Service de Chirurgie du Membre Supérieur, Pôle de Chirurgie Orthopédique et de Traumatologie, Hôpital Hautepierre 2 - CHU Strasbourg, Avenue Molière, 67000 Strasbourg, France.
Service de Chirurgie du Membre Supérieur, Pôle de Chirurgie Orthopédique et de Traumatologie, Hôpital Hautepierre 2 - CHU Strasbourg, Avenue Molière, 67000 Strasbourg, France.
Orthop Traumatol Surg Res. 2021 Apr;107(2):102814. doi: 10.1016/j.otsr.2021.102814. Epub 2021 Jan 19.
One of the treatment options for comminuted radial head fractures is radial head arthroplasty (RHA), especially when the elbow is also dislocated. While the clinical outcomes of RHA have been well documented, the incidence of post-traumatic osteoarthritis after RHA and its risk factors are not well known.
To determine the incidence of post-traumatic elbow osteoarthritis (humeroulnar and humeroradial joints) after RHA and identify its risk factors.
All patients who underwent RHA at our hospital between 2008 and 2016 were included retrospectively. The inclusion criteria were primary RHA, recent radial head fracture (isolated or associated with elbow dislocation), minimum 1 year of follow-up, clinical and radiographic examination at final assessment. The exclusion criteria were pre-existing elbow osteoarthritis, RHA revision, multiple fractures of the ipsilateral upper limb or polytrauma. The final assessment consisted of a clinical examination [joint range of motion (ROM) and Mayo Elbow Performance Score (MEPS)] and standard radiographs. The correlation between the incidence and severity of osteoarthritis and various risk factors was determined.
Seventy-three patients were included in the analysis with a mean age of 56 years (21-85). The injuries consisted of 41 terrible triad, 15 isolated radial head fractures, 11 Monteggia fractures and 6 transolecranon fracture-dislocations. The mean follow-up was 3.4 years (1-10.9). At the final assessment, osteoarthritis was visible in the humeroulnar compartment in 56% of cases and in the humeroradial compartment in 72% of cases. There was a statistical correlation between the presence of humeroulnar osteoarthritis at the final assessment and ROM in flexion-extension (p=0.003), MEPS (p<0.001), duration of immobilization (p=0.03) and presence of posterior subluxation on immediate postoperative radiographs (p=0.012). The correlation between humeroradial osteoarthritis at the final assessment and ROM in flexion-extension (p=0.0054), RHA implant position (p<0.01), and unipolar configuration (p=0.027) was statistically significant.
In our study, elbow osteoarthritis incidence after RHA was 56% in the humeroulnar joint and 72% in the humeroradial joint. RHA implant placement, posterior subluxation immediately postoperative and the duration of immobilization were significantly corelated with osteoarthritis.
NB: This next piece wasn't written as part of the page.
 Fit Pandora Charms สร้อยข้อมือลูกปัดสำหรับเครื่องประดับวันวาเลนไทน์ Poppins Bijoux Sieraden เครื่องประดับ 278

IV; case series without control group.
粉碎性桡骨头骨折的治疗选择之一是桡骨头置换术(RHA),尤其是当肘部也脱位时。虽然 RHA 的临床结果已有很好的记录,但 RHA 后创伤性肘关节炎的发生率及其危险因素尚不清楚。
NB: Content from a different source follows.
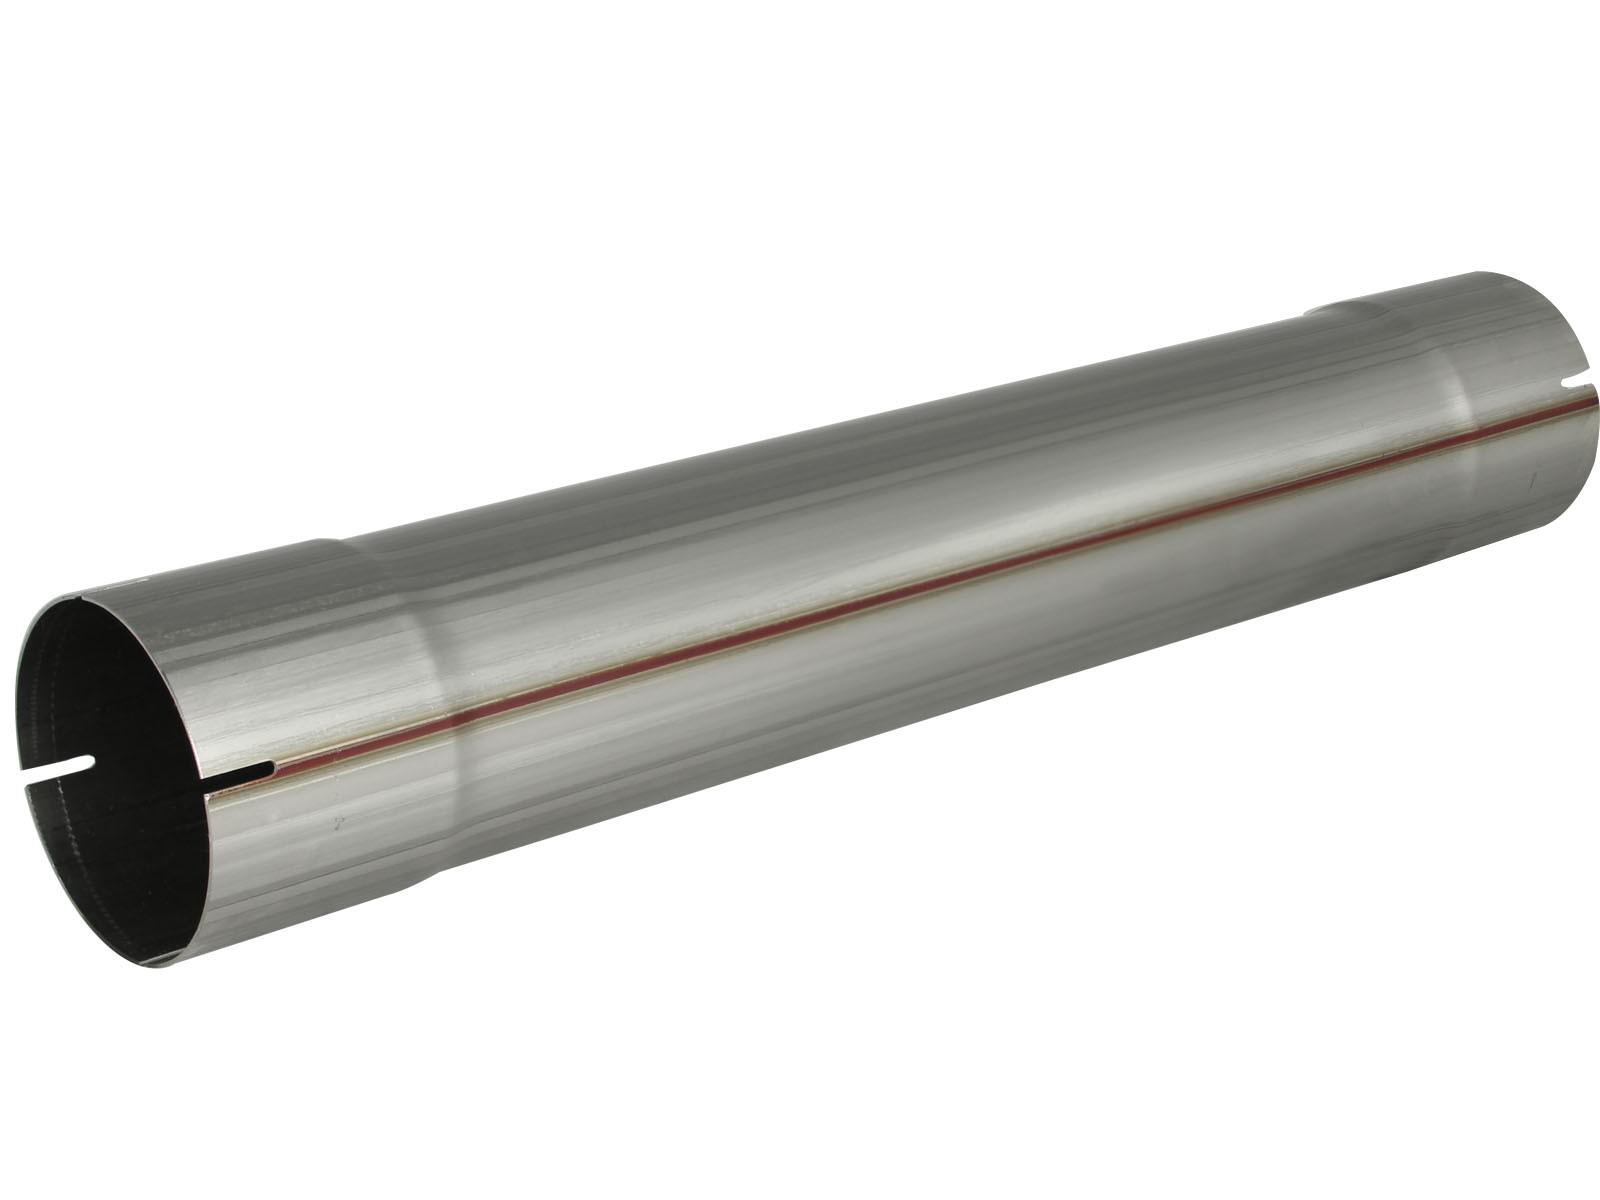 "aFe POWER 49-91041 MACH Force-Xp 5"" 409 Stainless Steel Muffler"

确定 RHA 后桡骨头置换术后创伤后肘关节炎(肱尺和肱桡关节)的发生率,并确定其危险因素。
回顾性纳入 2008 年至 2016 年在我院行 RHA 的所有患者。纳入标准为初次 RHA、近期桡骨头骨折(单独或伴肘关节脱位)、至少 1 年随访、最终评估时的临床和影像学检查。排除标准为:先前存在肘关节炎、RHA 翻修、同侧上肢多处骨折或多发伤。最终评估包括临床检查[关节活动度(ROM)和 Mayo 肘功能评分(MEPS)]和标准 X 线片。确定关节炎发生率和严重程度与各种危险因素之间的相关性。
73 例患者纳入分析,平均年龄 56 岁(21-85 岁)。损伤包括 41 例三联征、15 例单纯桡骨头骨折、11 例孟氏骨折和 6 例尺骨鹰嘴骨折脱位。平均随访 3.4 年(1-10.9 年)。最终评估时,56%的病例出现肱尺关节骨关节炎,72%的病例出现肱桡关节骨关节炎。最终评估时肱尺关节炎的存在与屈伸 ROM(p=0.003)、MEPS(p<0.001)、固定时间(p=0.03)和术后即刻 X 线片上的后脱位(p=0.012)存在统计学相关性。最终评估时肱桡关节炎与屈伸 ROM(p=0.0054)、RHA 植入物位置(p<0.01)和单极构型(p=0.027)之间存在统计学显著相关性。
在我们的研究中,RHA 后肘关节骨关节炎的发生率在肱尺关节为 56%,在肱桡关节为 72%。RHA 植入物位置、术后即刻后脱位和固定时间与骨关节炎显著相关。
IV;无对照组的病例系列研究。